1. Cadre conceptuel des modèles Choix du modèle

L’objectif du recours à la modélisation est d’avoir une représentation relativement fine de la structure des exploitations, des comportements et des stratégies des acteurs, des relations entre unités de production, et un suivi minutieux sur une longue période de l'impact des différentes politiques agricoles envisageables.

En économie agricole, il existe plusieurs approches de modélisation pour prédire les changements de comportements et de techniques de production engendrés par des changements extérieurs. Classiquement, les économistes recourent aux simulateurs de prévision, établis à dire d’experts. A

côté, il existe deux grandes familles de modélisation dynamique : les modèles économétriques avec estimation directe d’une fonction de production et les modèles mathématiques.

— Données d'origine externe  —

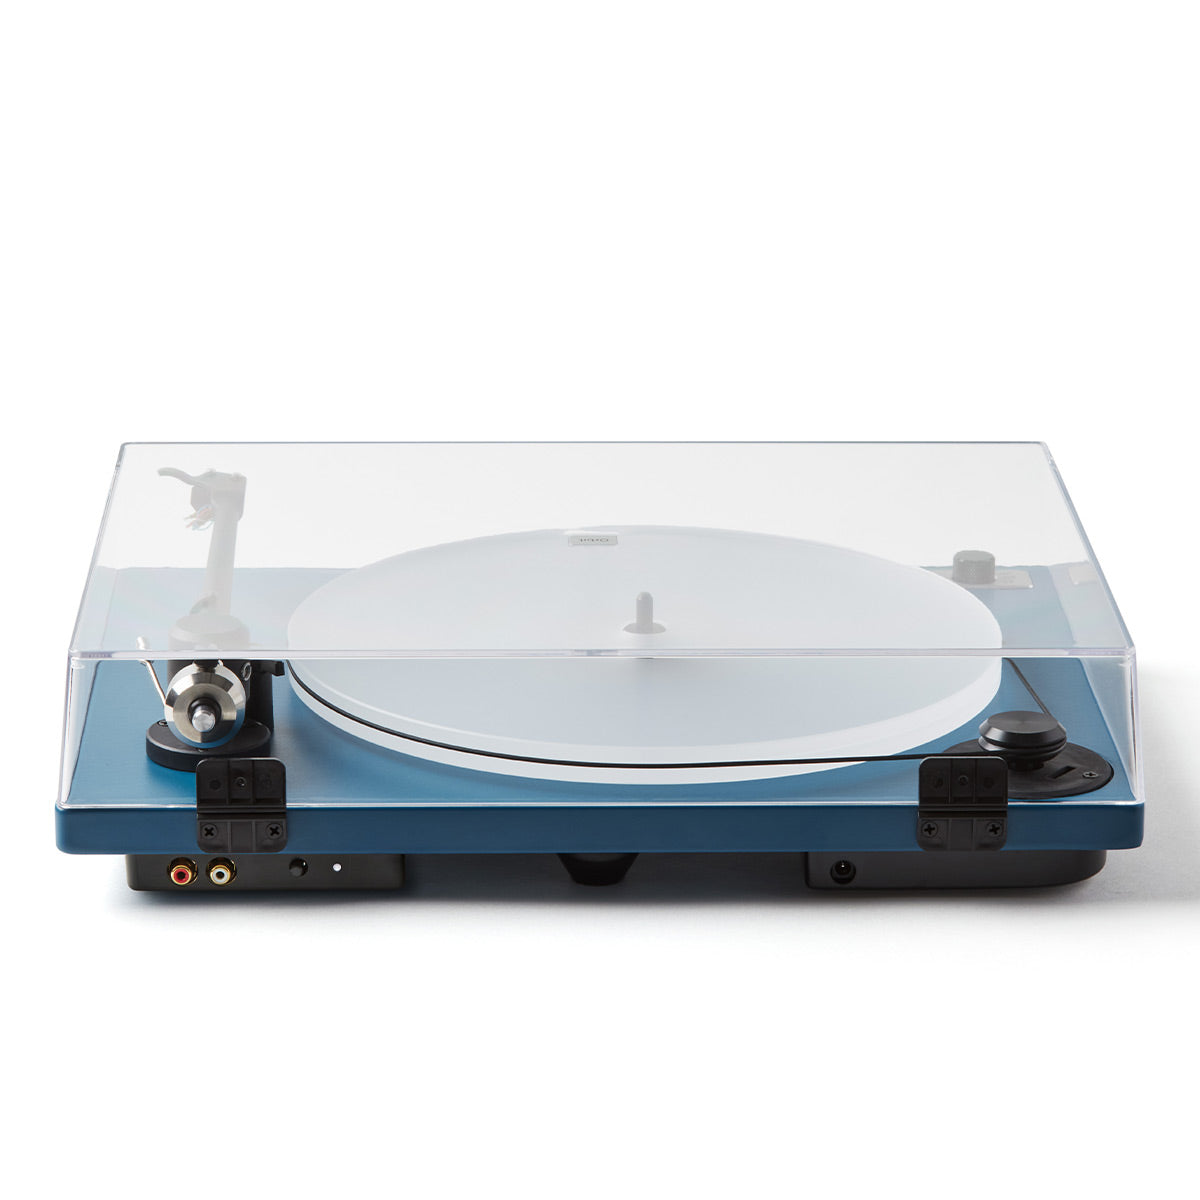 U-Turn Audio Orbit 2 Special Turntable with Built-In Preamp and Ortofon 2M Red Cartridge (Blue)
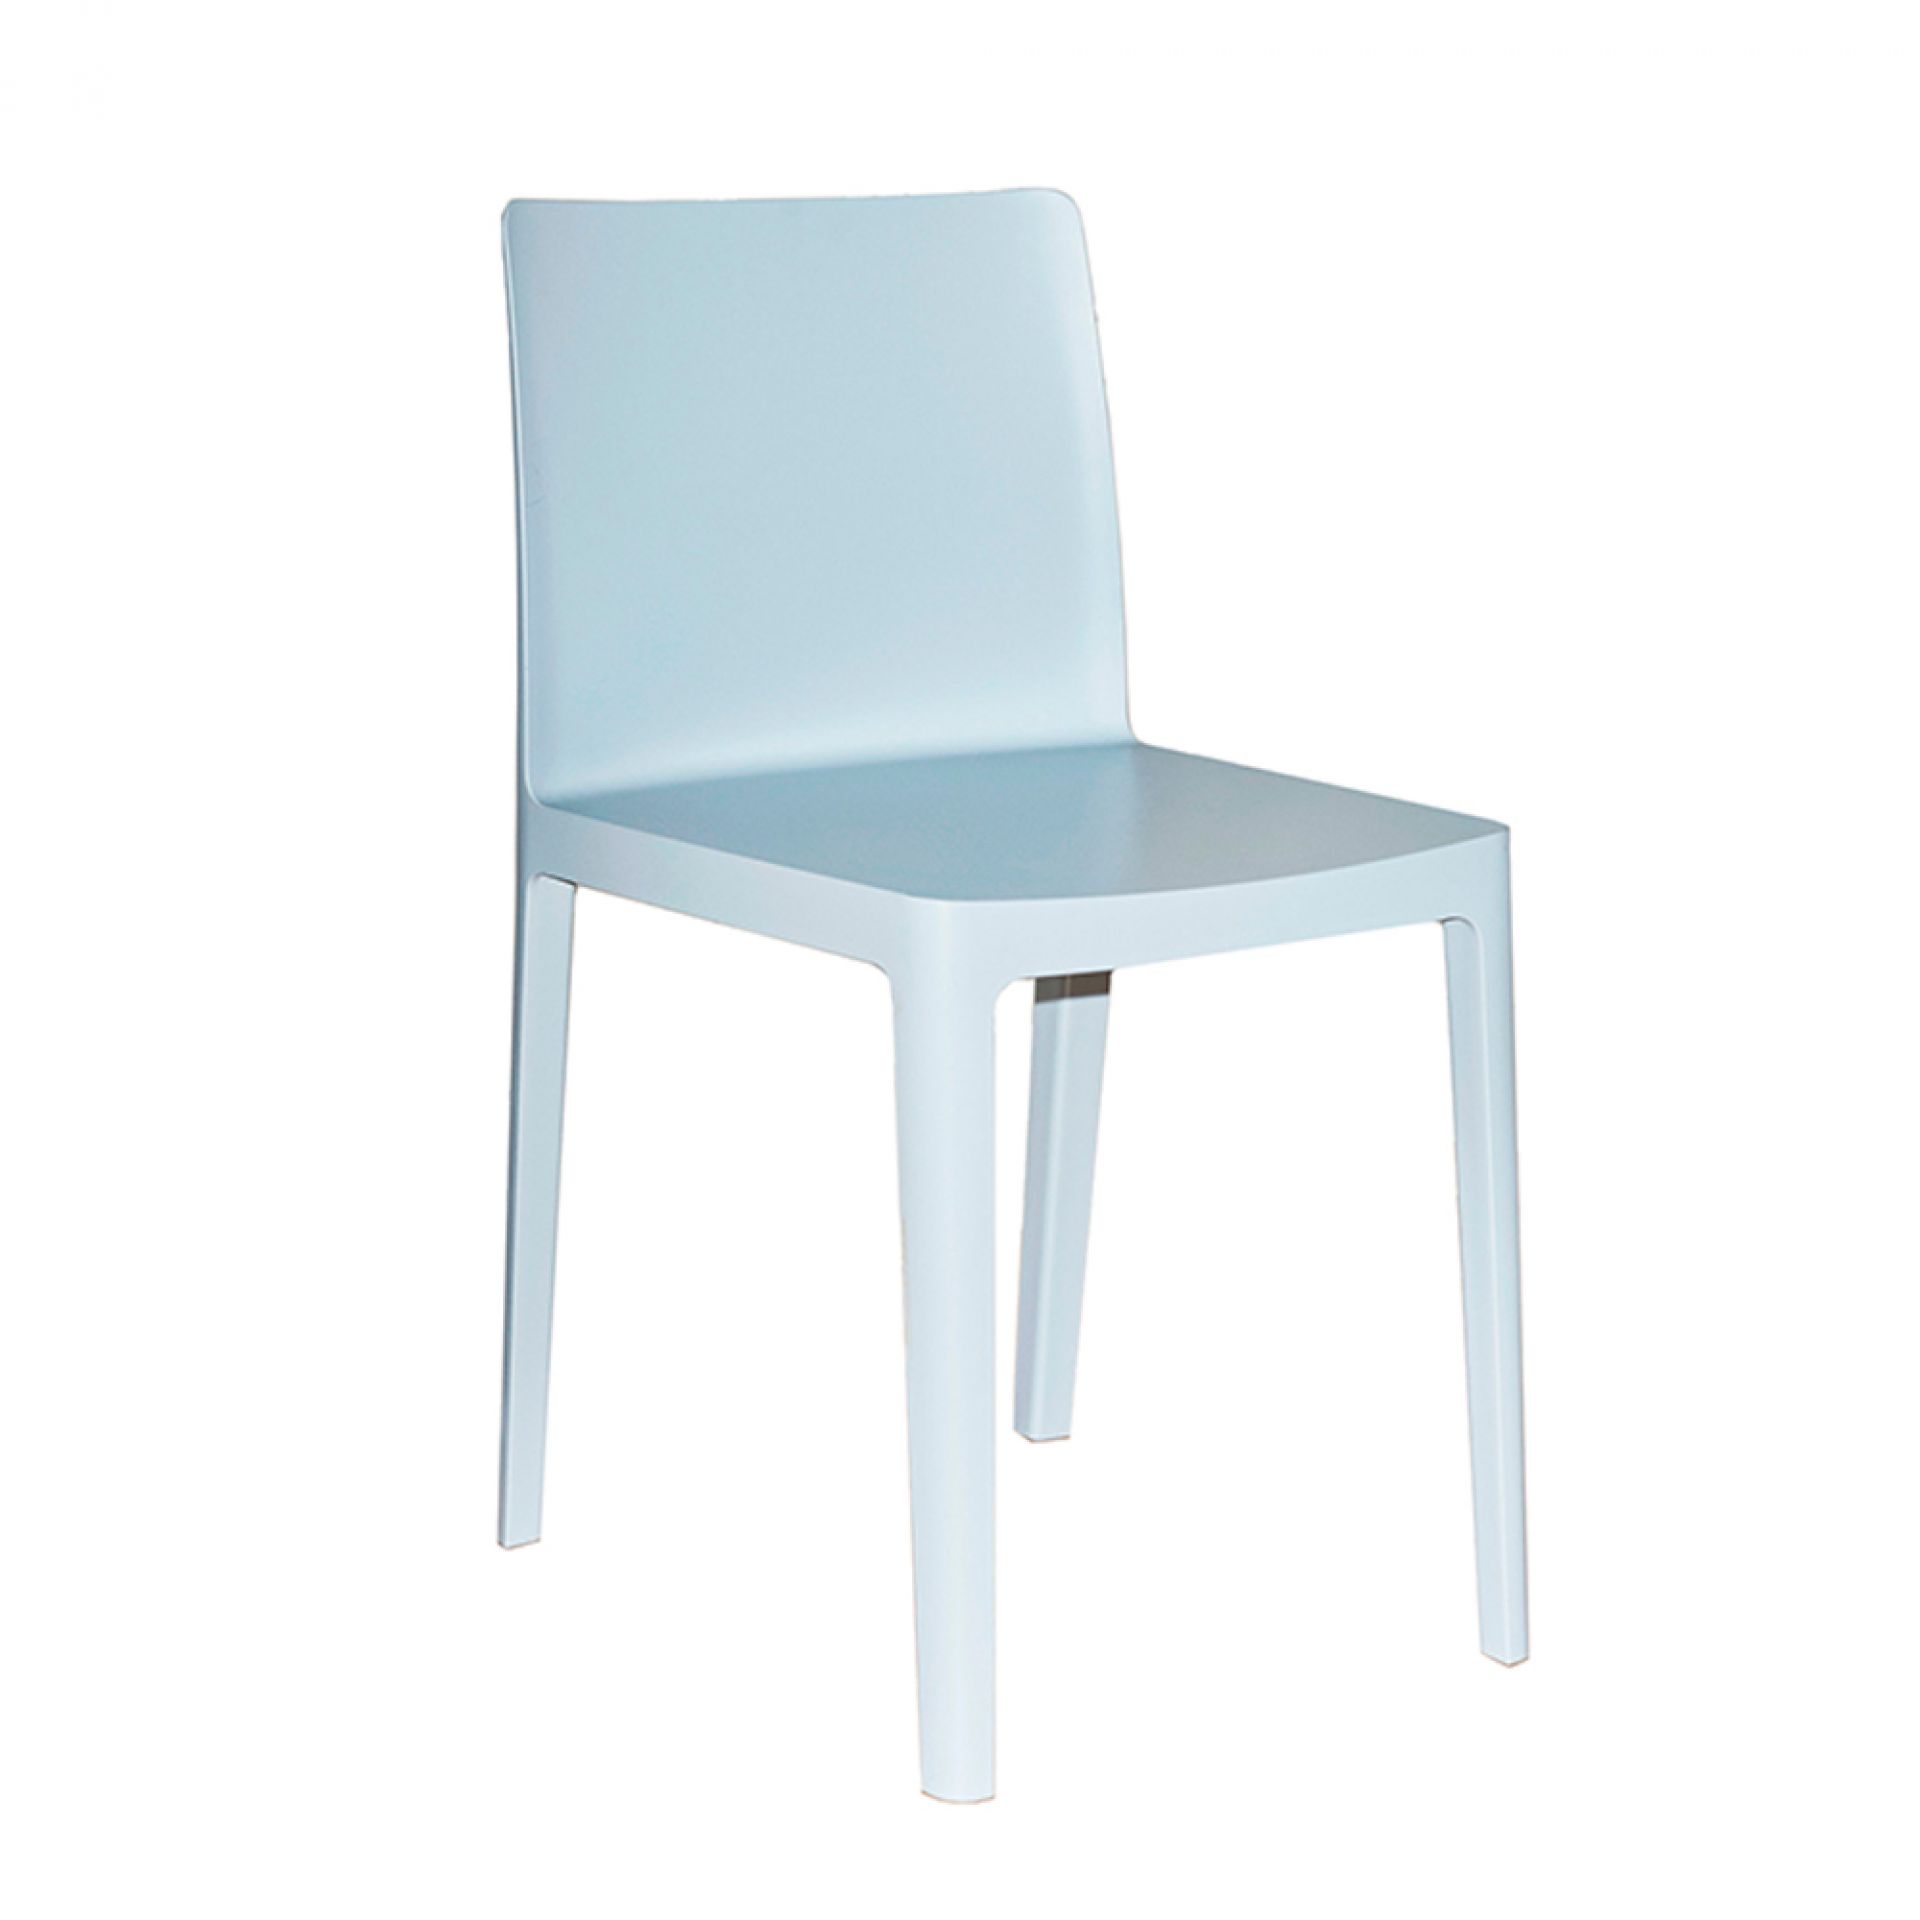 Élémentaire / Elementaire Chair Outdoor Hay | Blue grey | HAY AA602 A230

Les méthodes classiques de mesure des effets micro-économiques de politique publique basées sur les simulateurs de prévision permettent d’apprécier d’une part les effets en terme de revenu, à structure constante, sur les grands types d’exploitation, et d’autre part les réactions adaptatives des exploitations, anticipées à partir des estimations d’experts en relation avec les exploitants (Ridier, 2001). Dans ce type d’approche, la mesure des effets est réalisée sur des « cas-types » ou « exploitations-types », identifiés par les conseillers d’élevage ou toute personne ayant une connaissance fine du milieu et ce à partir d’une analyse des logiques de fonctionnement des exploitations. Les outils de simulation sont variés : certains mesurent les effets de changement de prix des intrants, du matériel d’équipement ou des produits sur les résultats économiques de l’exploitation; d’autres permettent de vérifier a posteriori l’intérêt économique de propositions techniques (Ribier, 2001). Par exemple, le logiciel EBD-Système permet dans un premier temps de faire l’adéquation entre les besoins du troupeau et les disponibilités en surfaces et d’évaluer dans un deuxième temps la faisabilité et la viabilité économique. Dans les deux cas, il s’agit d’avantage de calculateurs sans objectif d’optimisation économique.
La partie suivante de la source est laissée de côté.